The Chinese are sometimes victims to their own knavery, and we have known even Tartars catch them in a snare.  One day a Mongol presented himself at the counter of a Chinese moneychanger, with a youen-pao carefully packed and sealed.  A youen-pao is an ingot of silver weighing three pounds—in China there are sixteen ounces to the pound; the three pounds are never very rigorously exacted; there being generally four or five ounces over, so that the usual weight of an ingot of silver is fifty-two ounces.  The Tartar had no sooner unpacked his youen-pao than the Chinese clerk resolved to defraud him of an ounce or two, and weighing it, he pronounced it to be fifty ounces.  “My youen-pao weighs fifty-two ounces,” exclaimed the Tartar.  “I weighed it before I left home.”  “Oh, your Tartar scales are all very well for sheep; but they don’t do for weighing bullion.”  After much haggling, the bargain was concluded, the youen-pao was purchased as weighing fifty ounces, and the Tartar, having first required and obtained a certificate of the stated weight and value of the ingot, returned to his tent with a good provision of sapeks and bank notes.

In the evening the principal of the establishment received the usual report from each clerk of the business done in the course of the day.  “I,” said one of them with a triumphant air, “bought a youen-pao of silver, and made two ounces by it.”  He produced the ingot, which the chief received with a smile, soon changing into a frown.  “What have you got here?” cried he.  “This is not silver!”  The ingot was handed round, and all the clerks saw that indeed it was base bullion.  “I know the Tartar,” said the clerk who had purchased it, “and will have him up before the Mandarin.”
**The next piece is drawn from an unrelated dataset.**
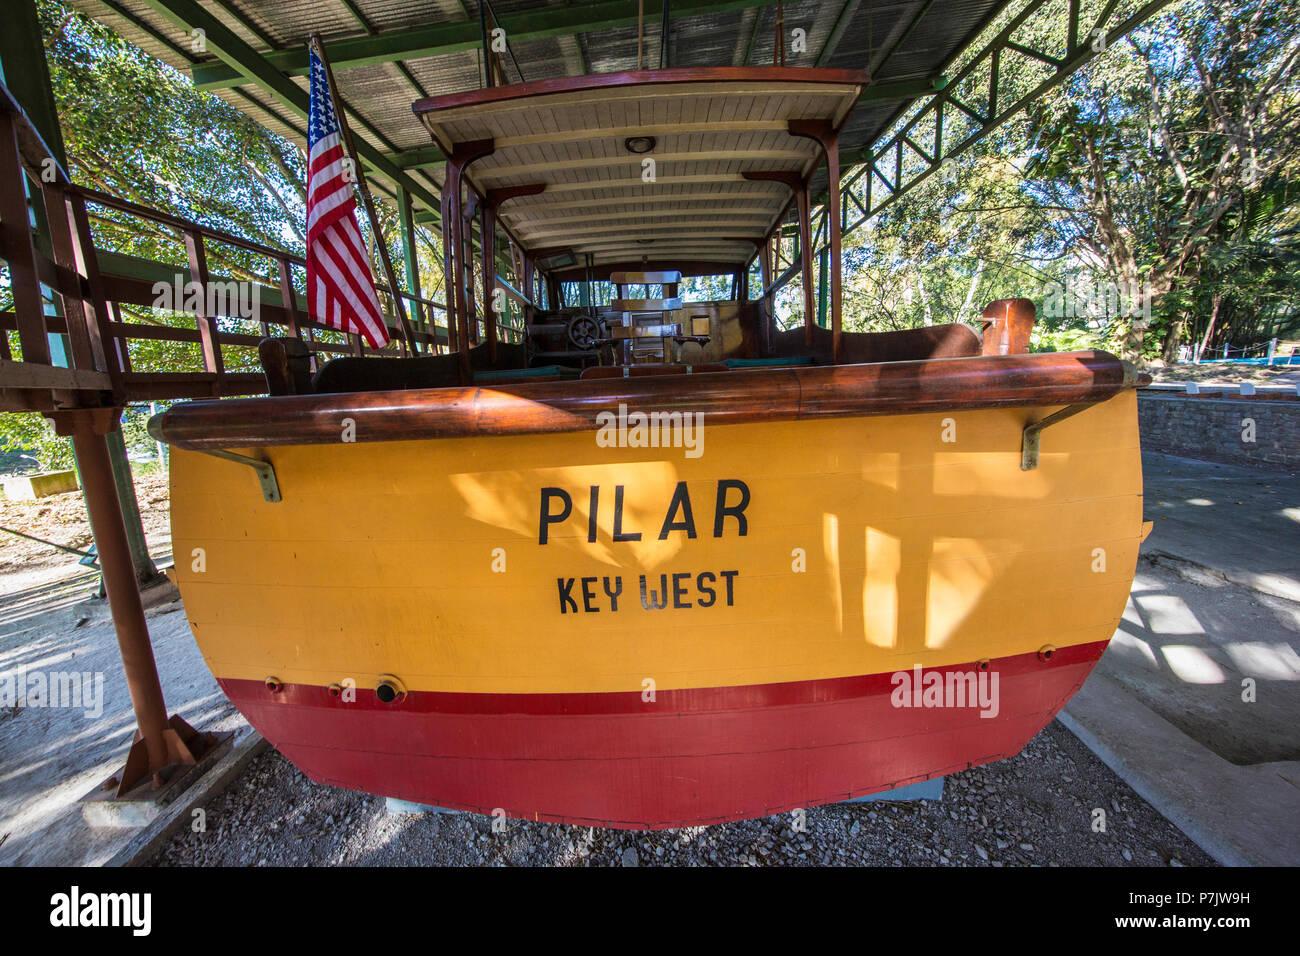 Ernest Hemingway's boat named Pilar at Finca Vigía, in San Francisco de Paula Ward in Havana, Cuba Stock Photo
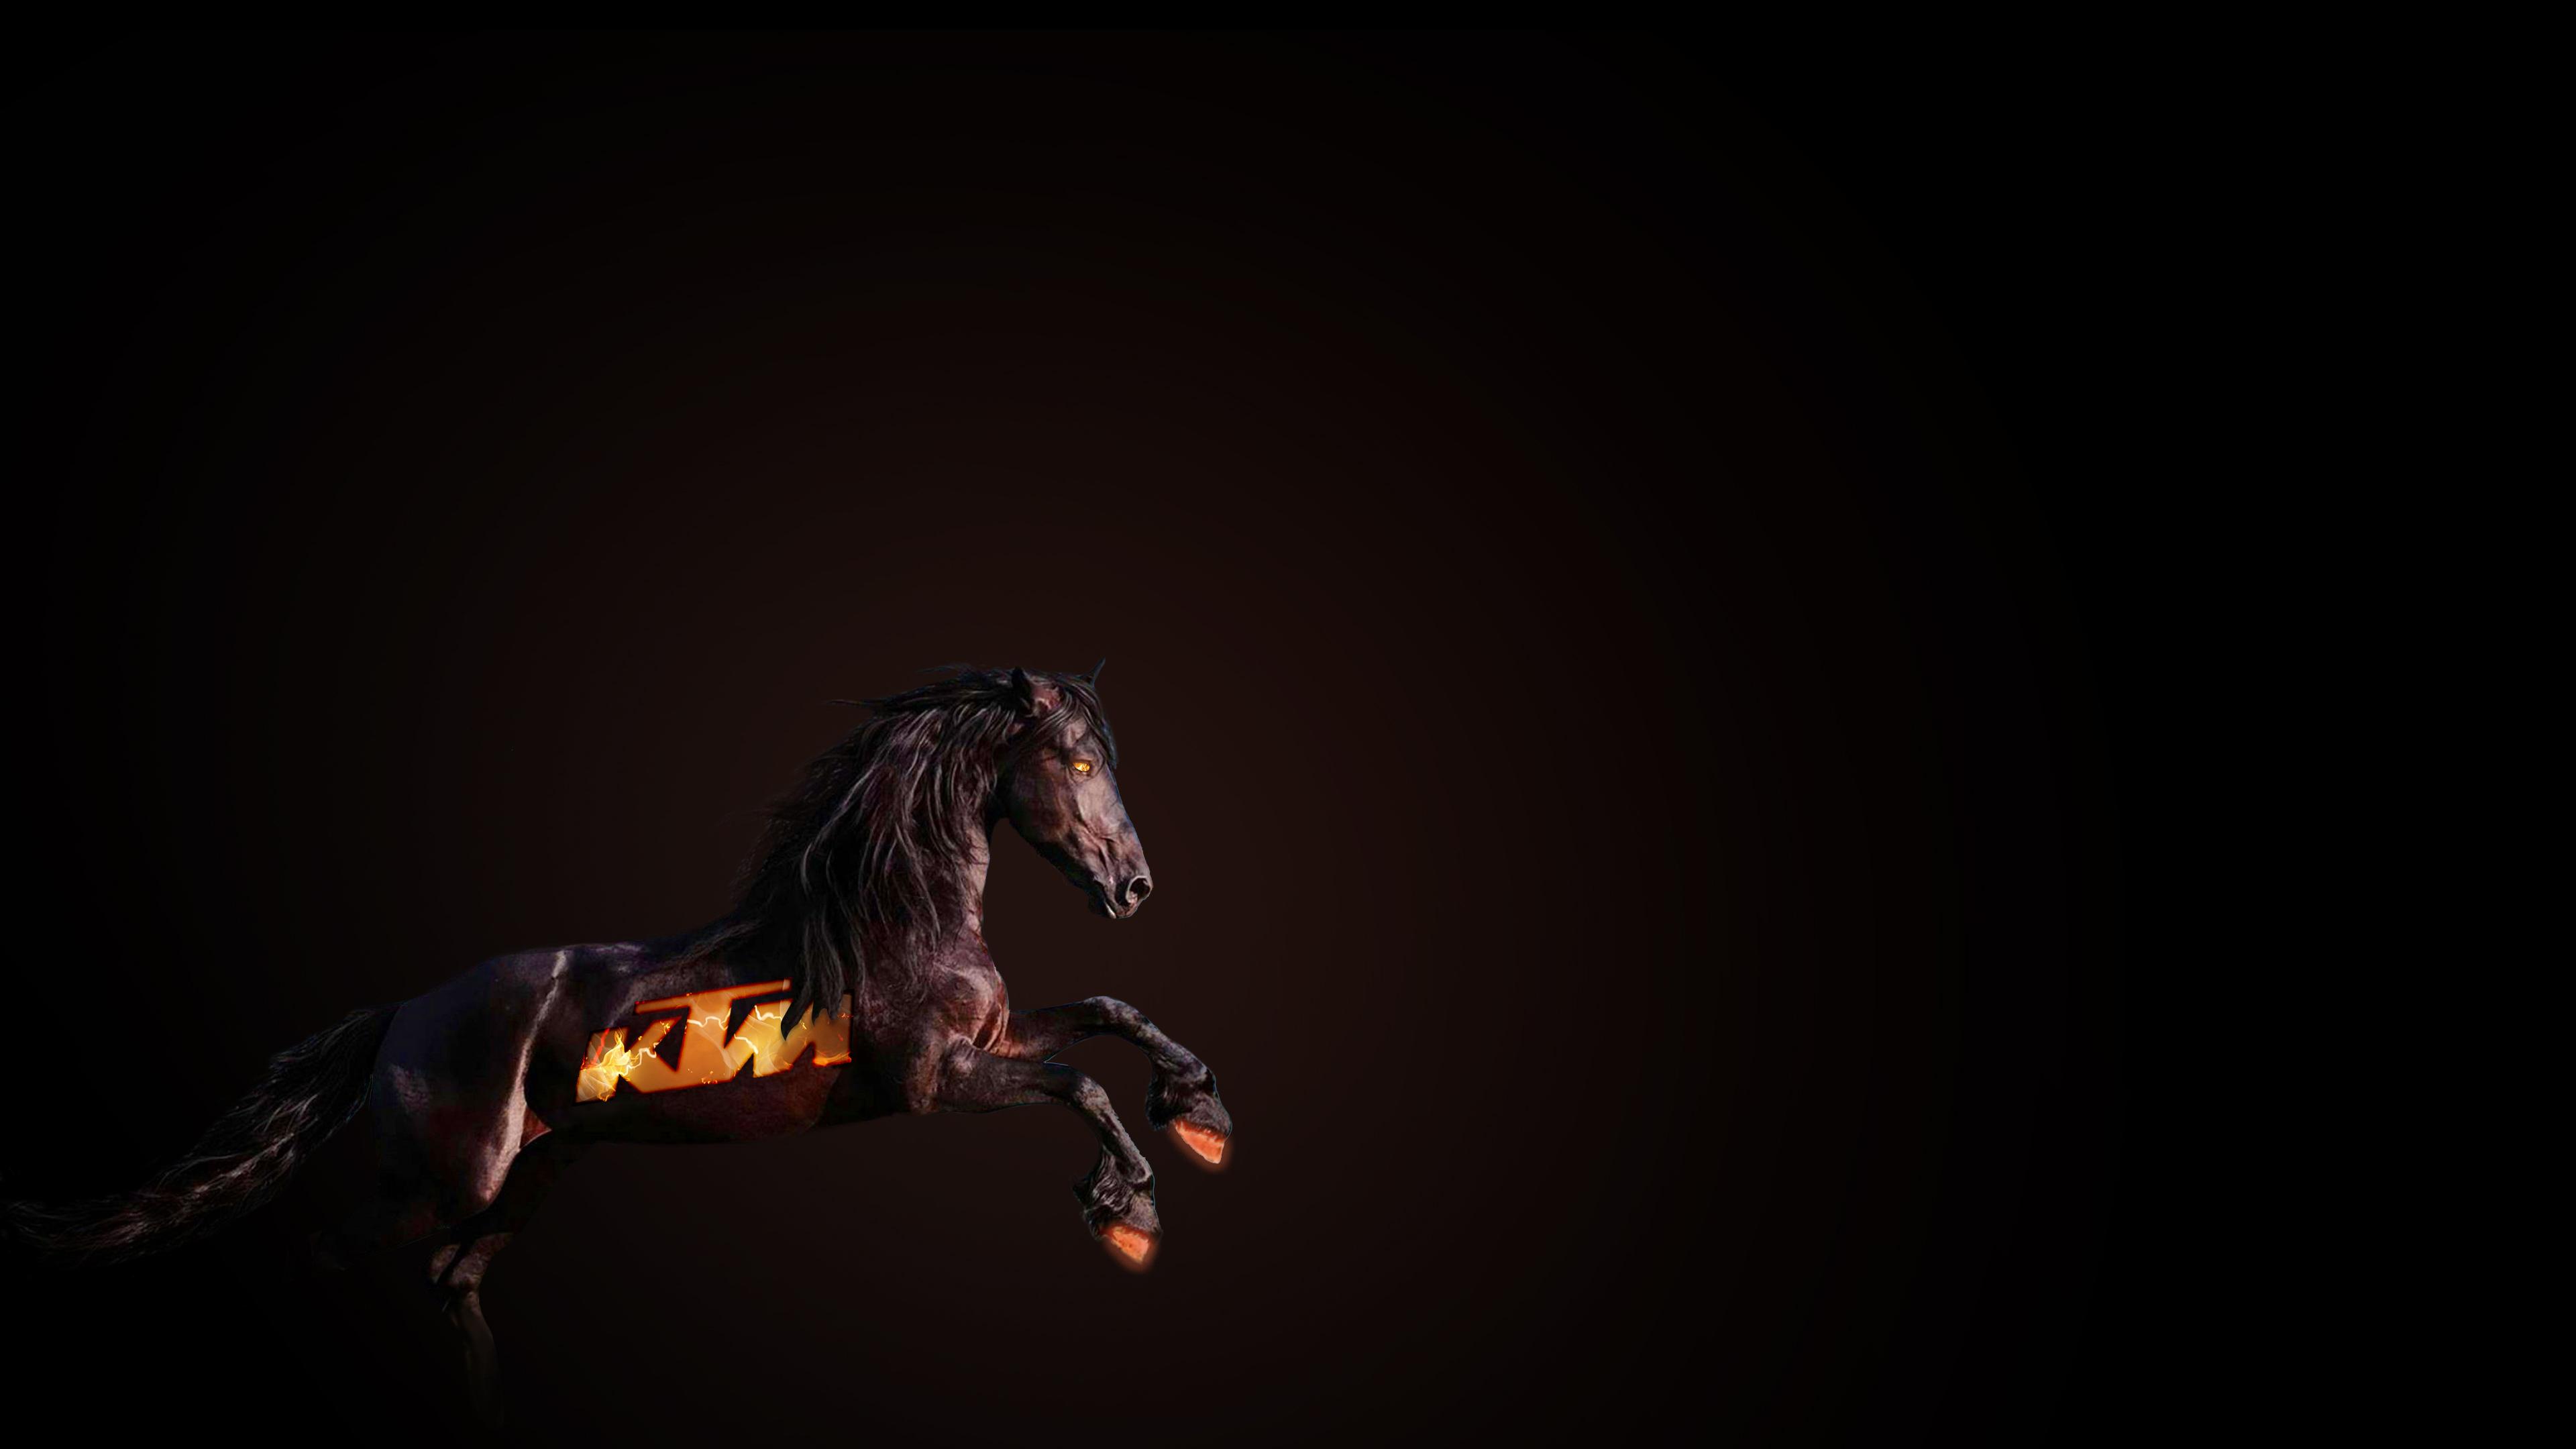 ktm horse 1575663229 - Ktm Horse -

The satellites of justice were forthwith dispatched after the roguish Tartar, whose offence, proved against him, was matter of capital punishment.  It was obvious that the ingot was base bullion, and on the face of the affair there was clear proof that the Tartar had sold it.  The Tartar, however, stoutly repudiated the imputation.  “The humblest of the humble,” said he, “craves that he may be allowed to put forth a word in his defence.”  “Speak,” said the Mandarin, “but beware how you say aught other than the exact truth.”  “It is true,” proceeded the Tartar, “that I sold a youen-pao at this person’s shop, but it was all pure silver.  I am a Tartar, a poor, simple man, and these people, seeking to take advantage of me, have substituted a false for my genuine ingot.  I cannot command many words, but I pray our father and mother, (i.e. the Mandarin), to have this false youen-pao weighed.”  The ingot was weighed, and was found to contain fifty-two ounces.  The Tartar now drew from one of his boots a small parcel, containing, wrapped in rags, a piece of paper, which he held up to the Mandarin.  “Here is a certificate” cried he, “which I received at the shop, and which attests the value and weight of the youen-pao that I sold.”  The Mandarin looked over the paper with a roguish smile, and then said: “According to the testimony of the clerk himself who wrote this certificate, this Mongol sold to him a youen-pao weighing fifty ounces; this youen-pao of base bullion weighs fifty-two ounces; this, therefore, cannot be the Mongol’s youen-pao; but now comes the question, whose is it?  Who are really the persons that have false bullion in their possession?”  Every body present, the Mandarin included, knew perfectly well how the case stood; but the Chinese magistrate, tickled with the Tartar’s ingenuity, gave him the benefit of the clerk’s dull roguery, and dismissed the charge; but not so the accusers, who were well bastinadoed, and would have been put to death as coiners, had they not found means to appease justice by the present of some ingots of purer metal.  It is only, however, upon very rare and extraordinary occasions that the Mongols get the better of the Chinese.  In the ordinary course of things, they are everywhere, and always, and in every way, the dupes of their neighbours who by dint of cunning and unprincipled machinations, reduce them to poverty.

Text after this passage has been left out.